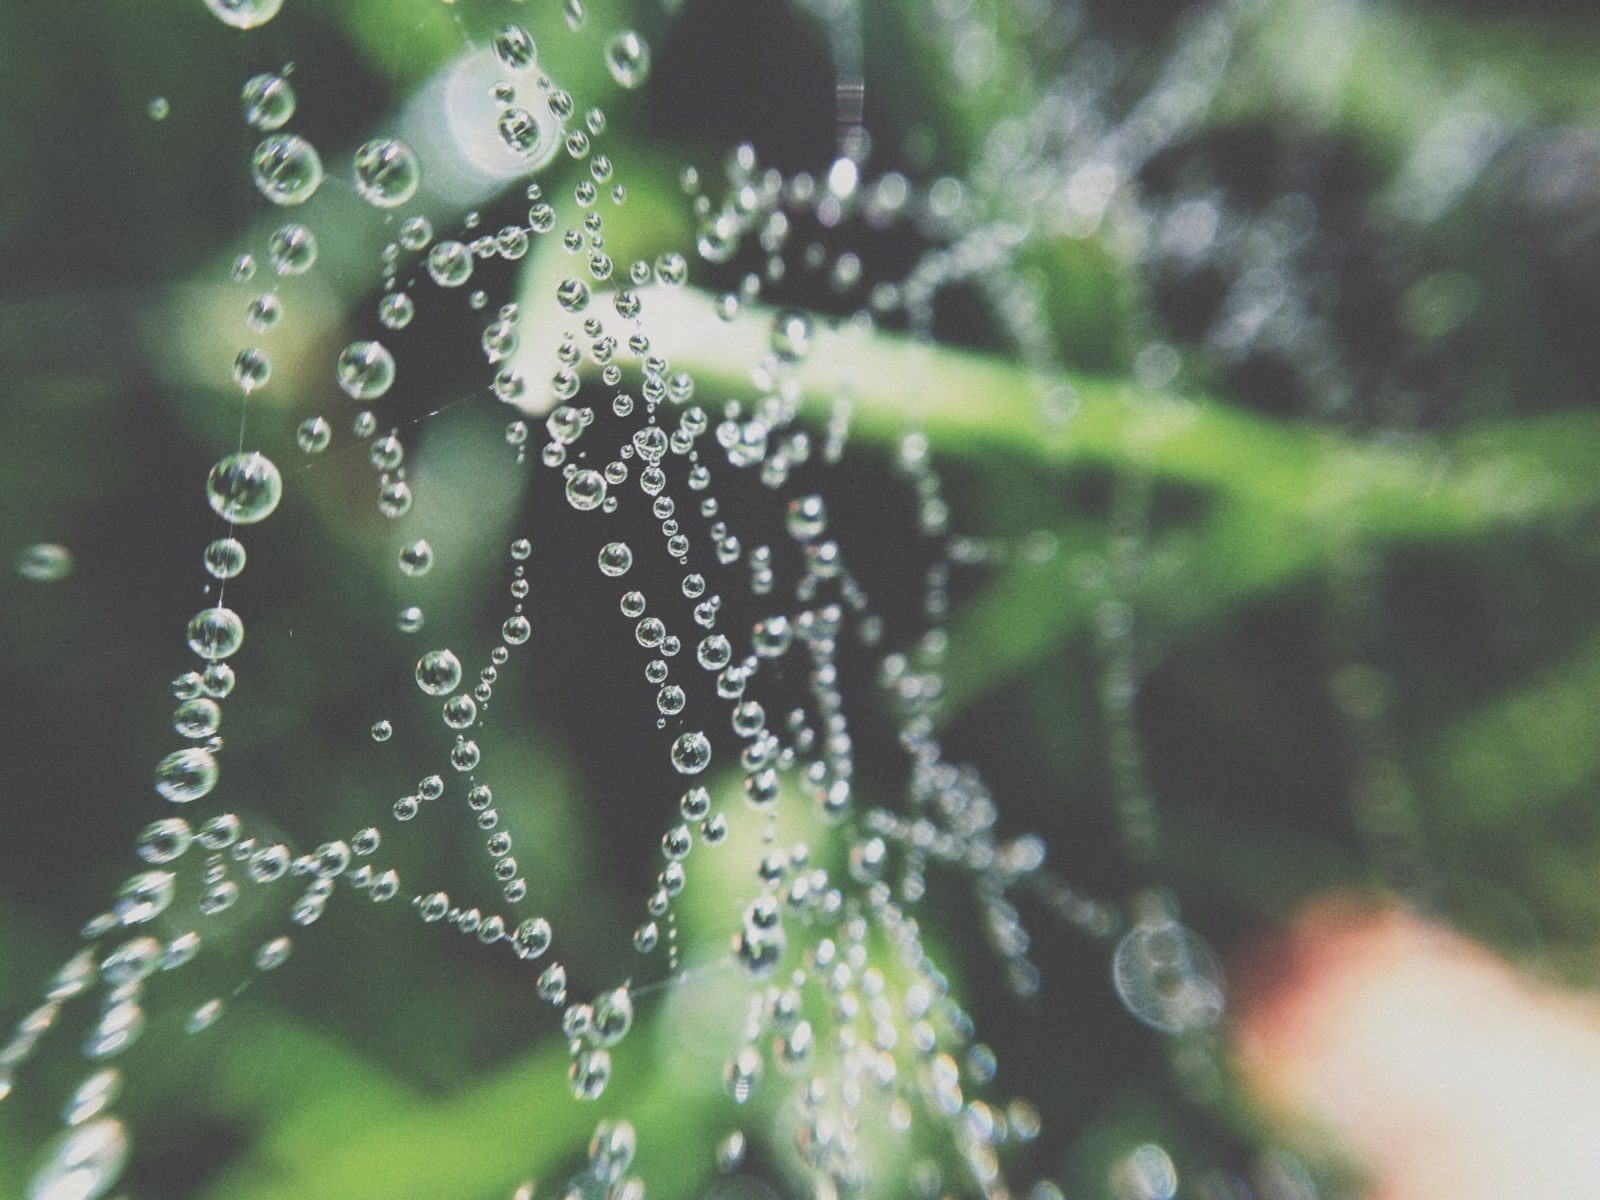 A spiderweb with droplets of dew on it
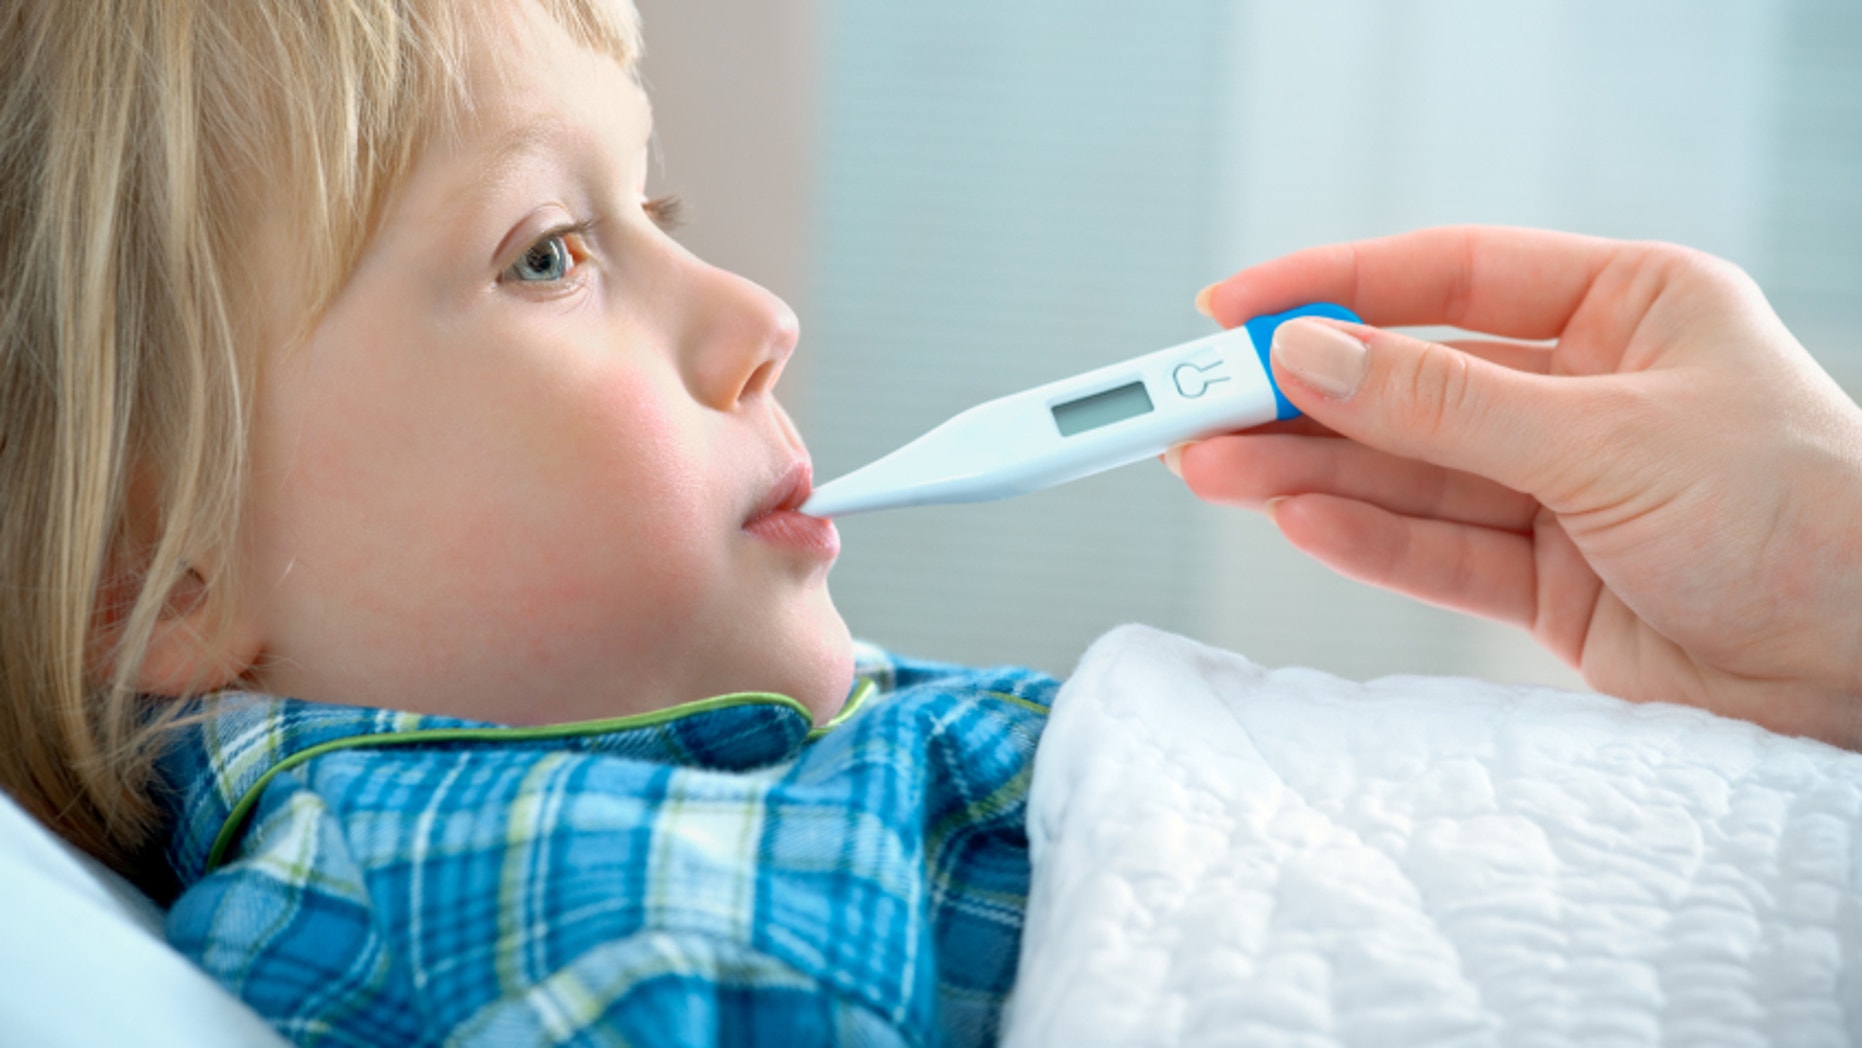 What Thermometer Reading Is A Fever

◇ ◇ ◇

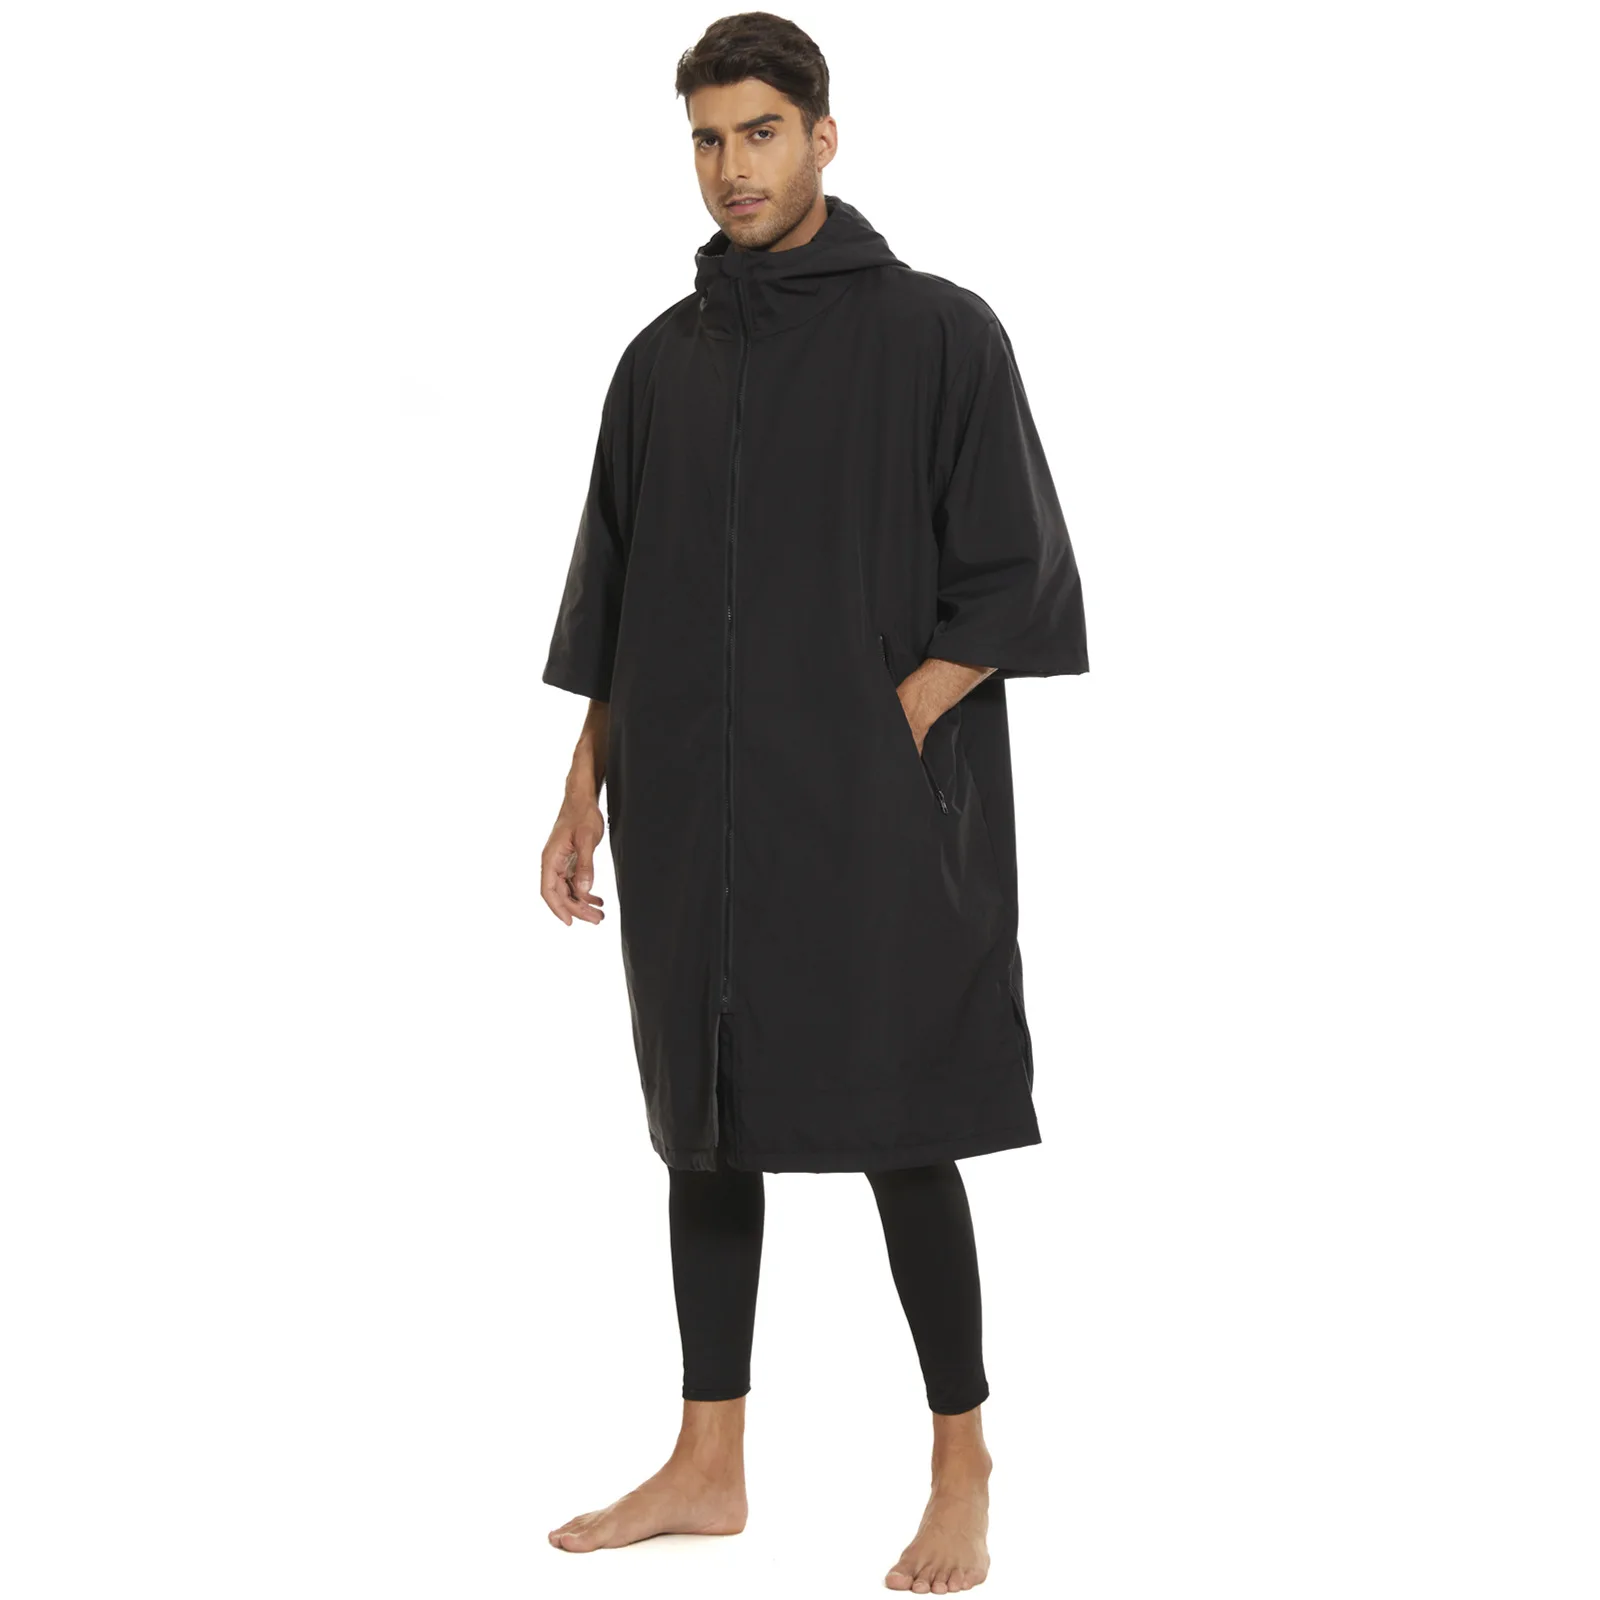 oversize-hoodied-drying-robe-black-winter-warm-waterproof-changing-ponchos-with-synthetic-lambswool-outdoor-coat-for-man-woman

◇ ◇ ◇

→ PROBLEM REQUIREMENTS
Give again the stretch of the entries above that begins at the line with "A spiderweb with droplets of dew on it" and ends at the line with "What Thermometer Reading Is A Fever", word for word, with no pictures.

→ SOLUTION FOR THIS EXERCISE
 A spiderweb with droplets of dew on it
 What Thermometer Reading Is A Fever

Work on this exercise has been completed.